Omit the pictures and extract only the lines from the line containing "木材料和插图 可爱 雪 动物 麋鹿 鹿 圣诞 木头 一个 掌握" to the end of the material, each exactly as written.

AVAILABLE DATA ->
· · ·
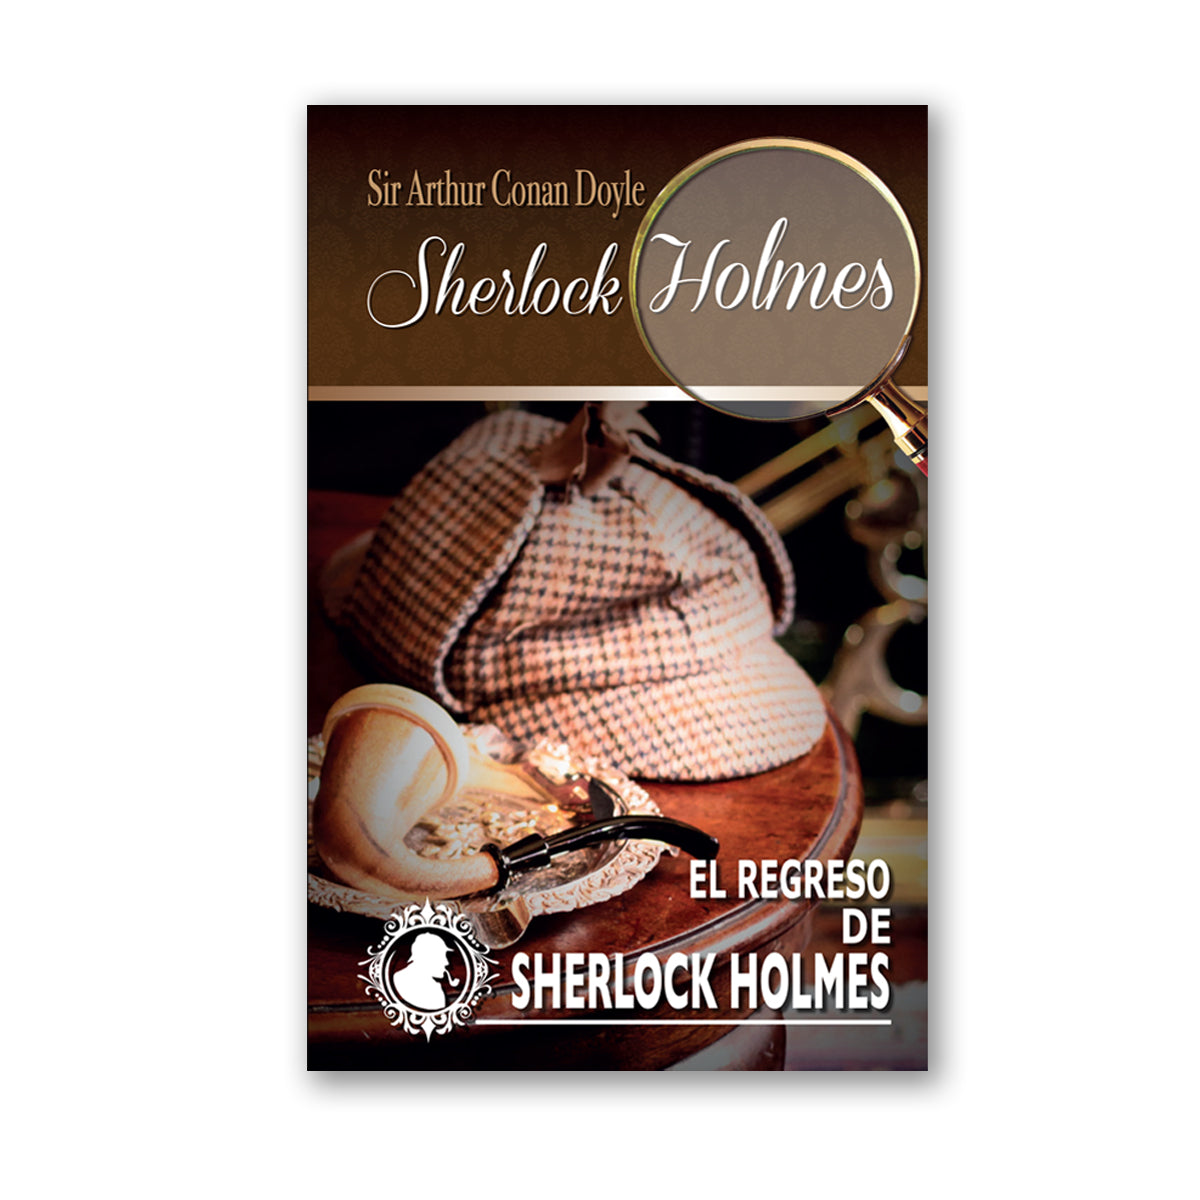 Colección Sherlock Holmes "El Regreso de Sherlock Holmes"
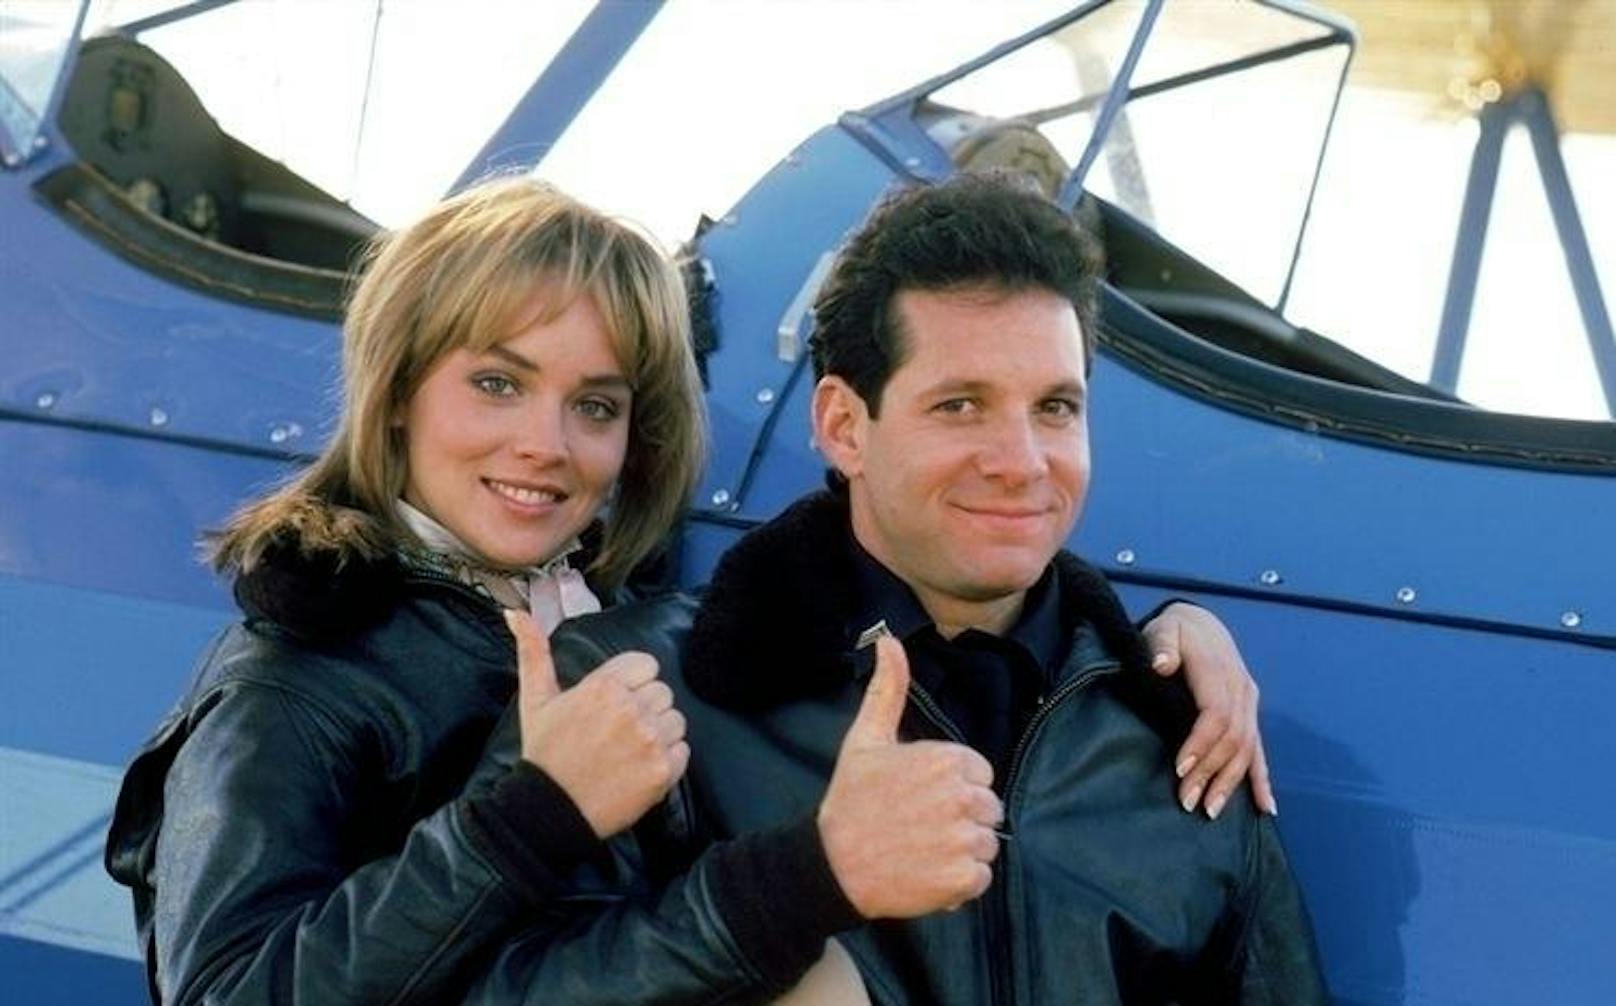 Sharon Stone und Steve Guttenberg in "Police Academy 4 ... und jetzt geht's rund".
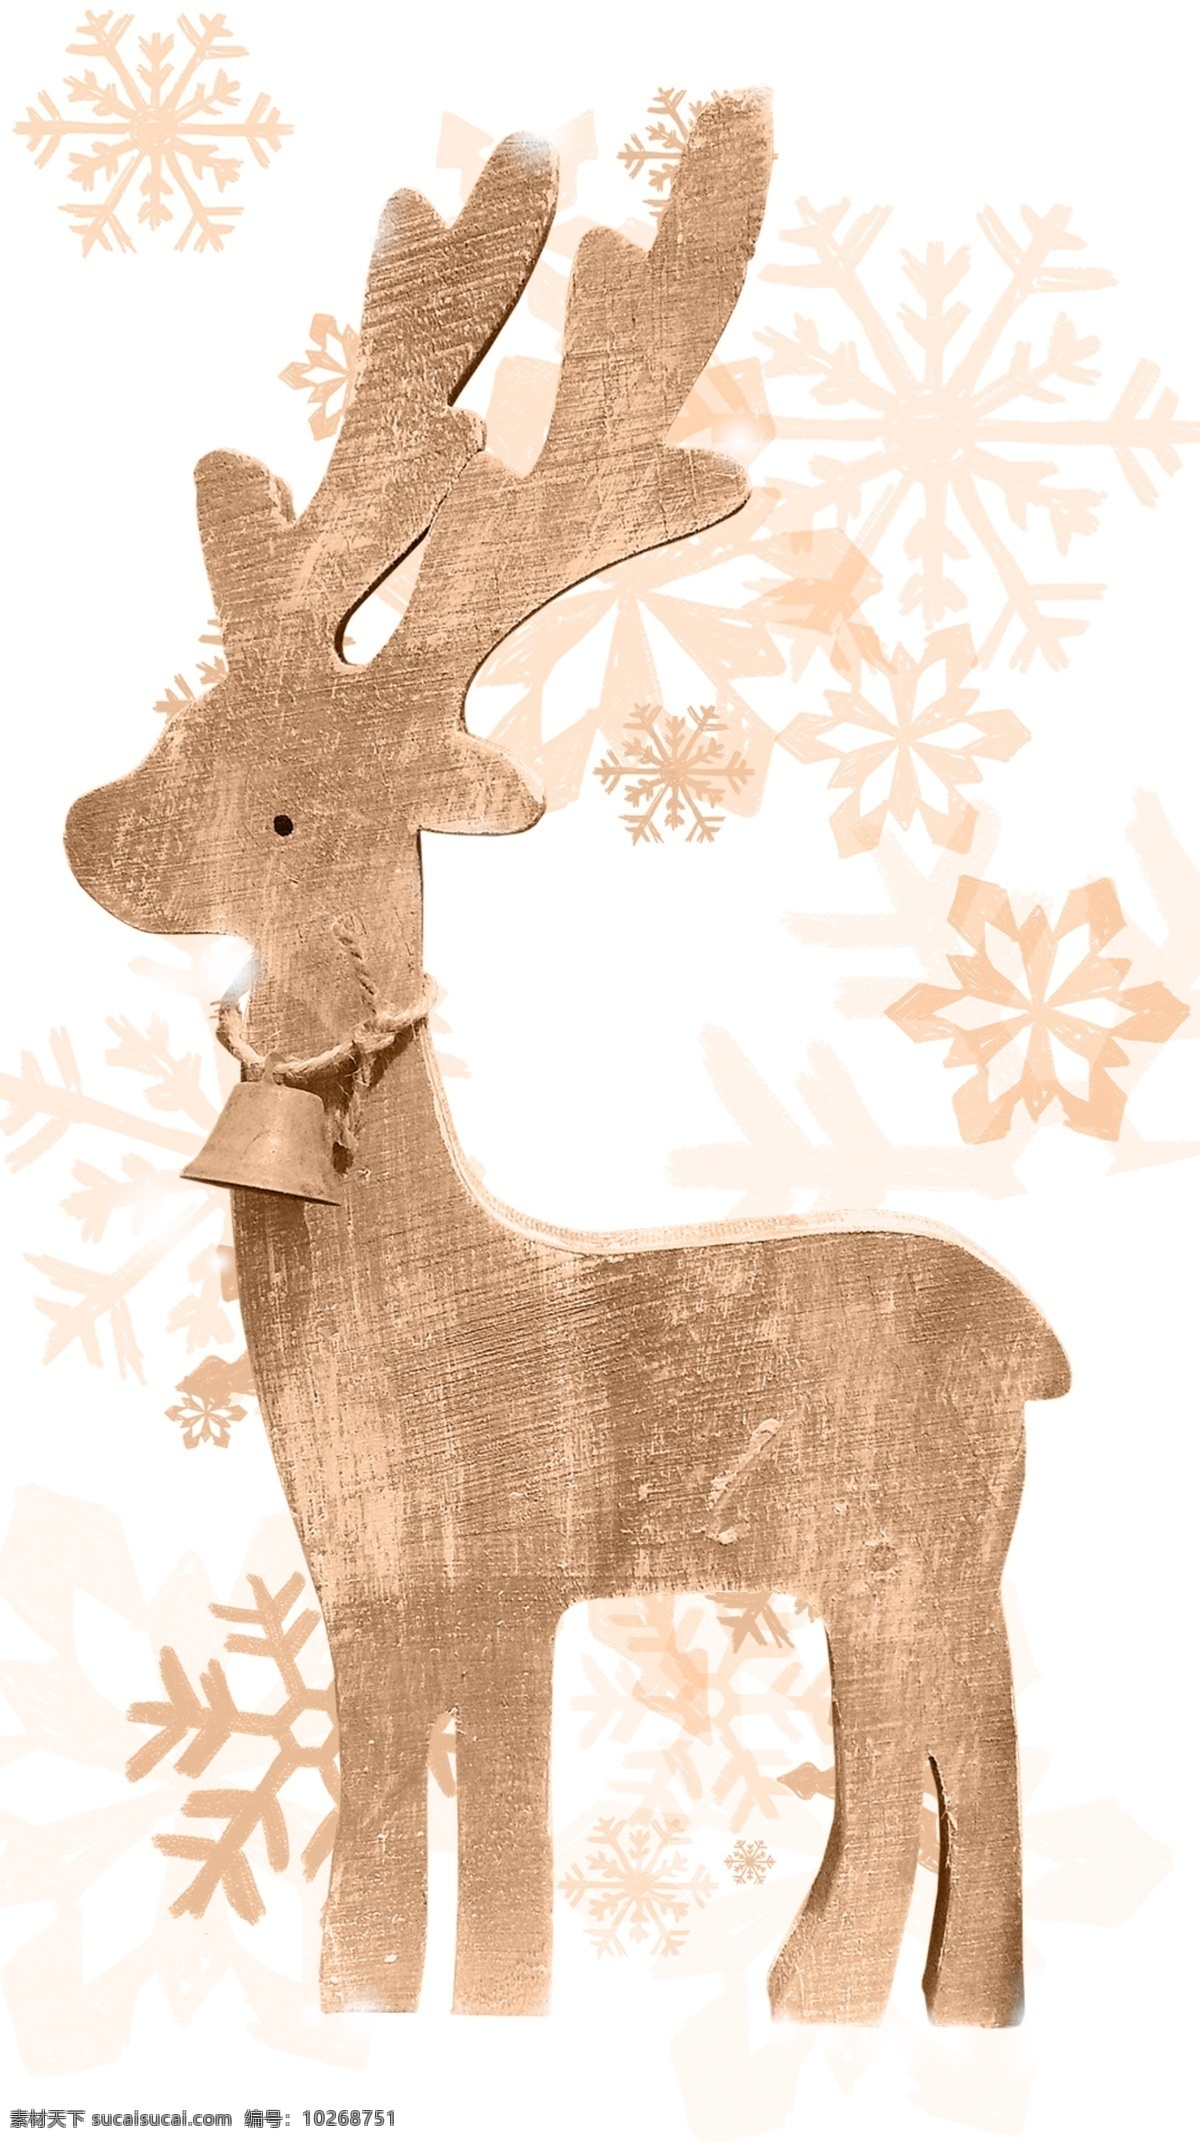 木材料和插图 可爱 雪 动物 麋鹿 鹿 圣诞 木头 一个 掌握
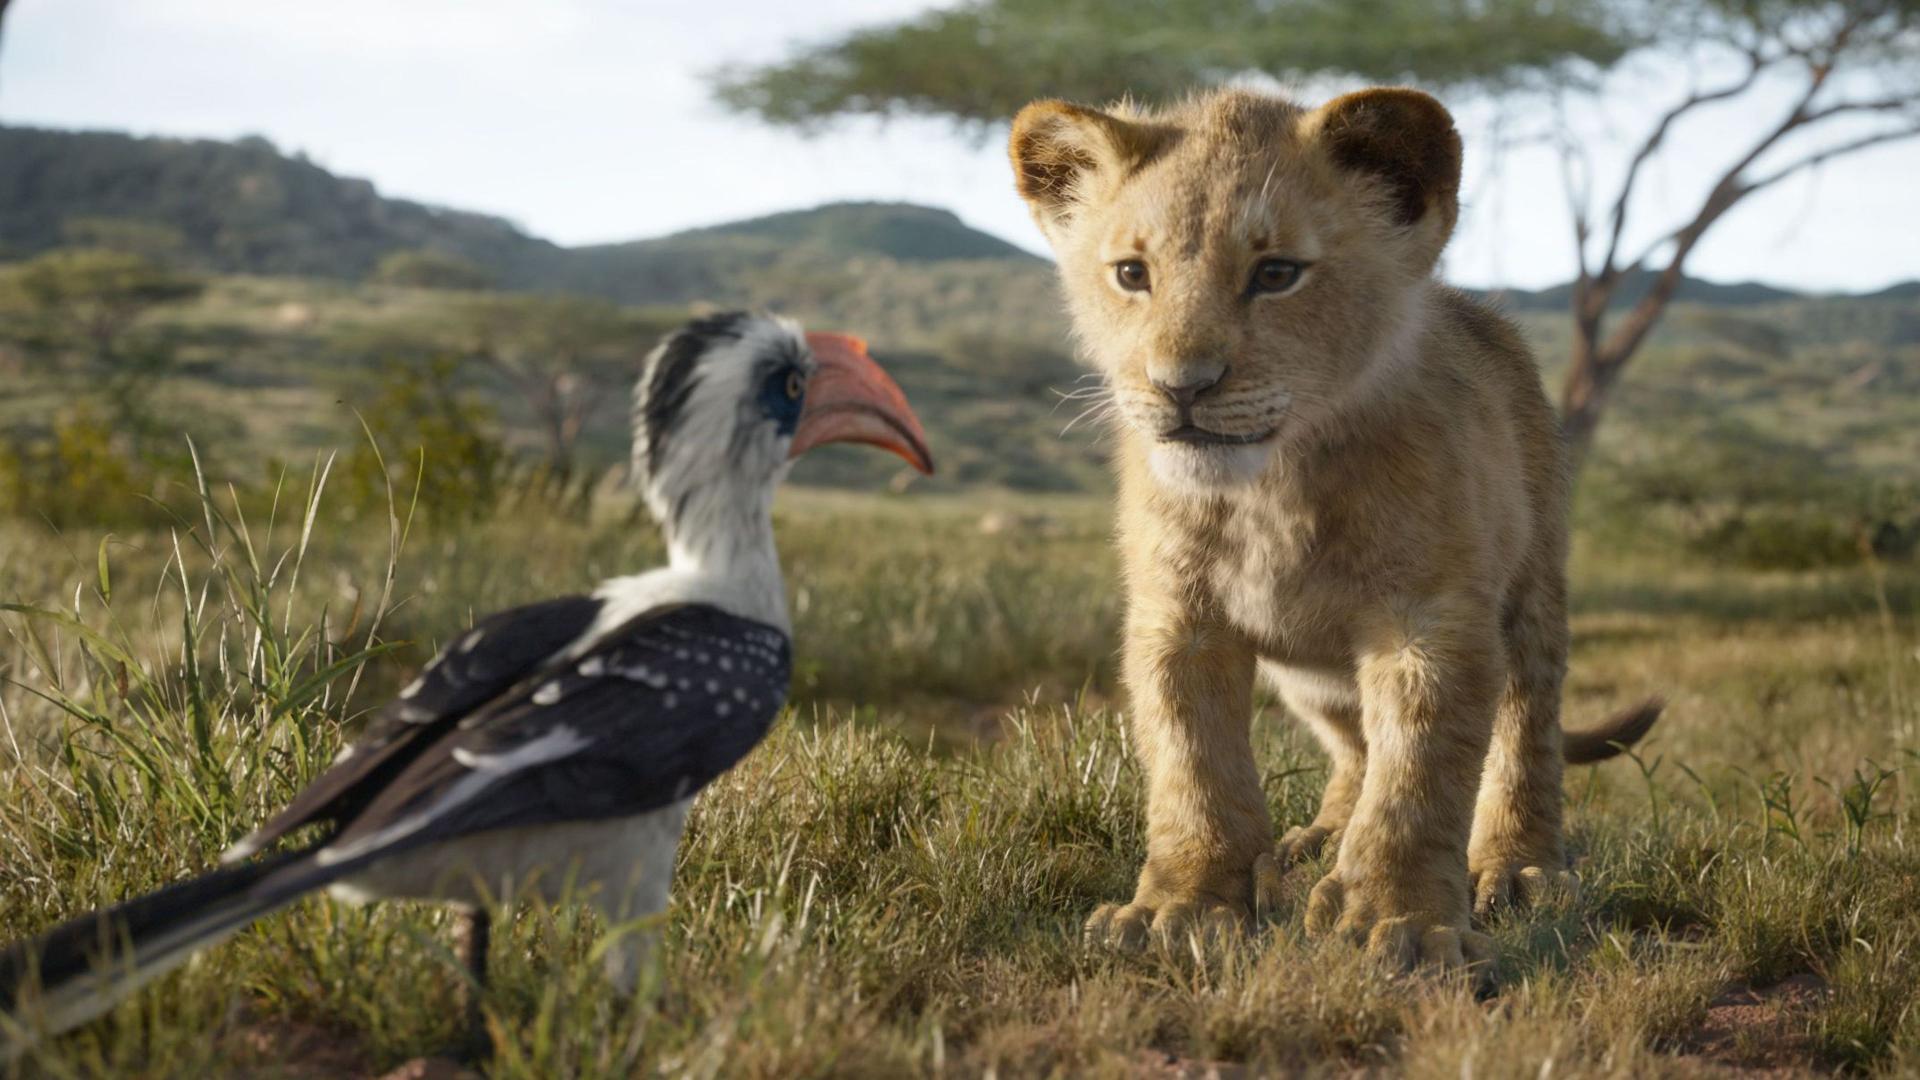 El rey león': Disney rechazó un final alternativo porque era horrible
· · ·
RESPONSE ->
 木材料和插图 可爱 雪 动物 麋鹿 鹿 圣诞 木头 一个 掌握
 El rey león': Disney rechazó un final alternativo porque era horrible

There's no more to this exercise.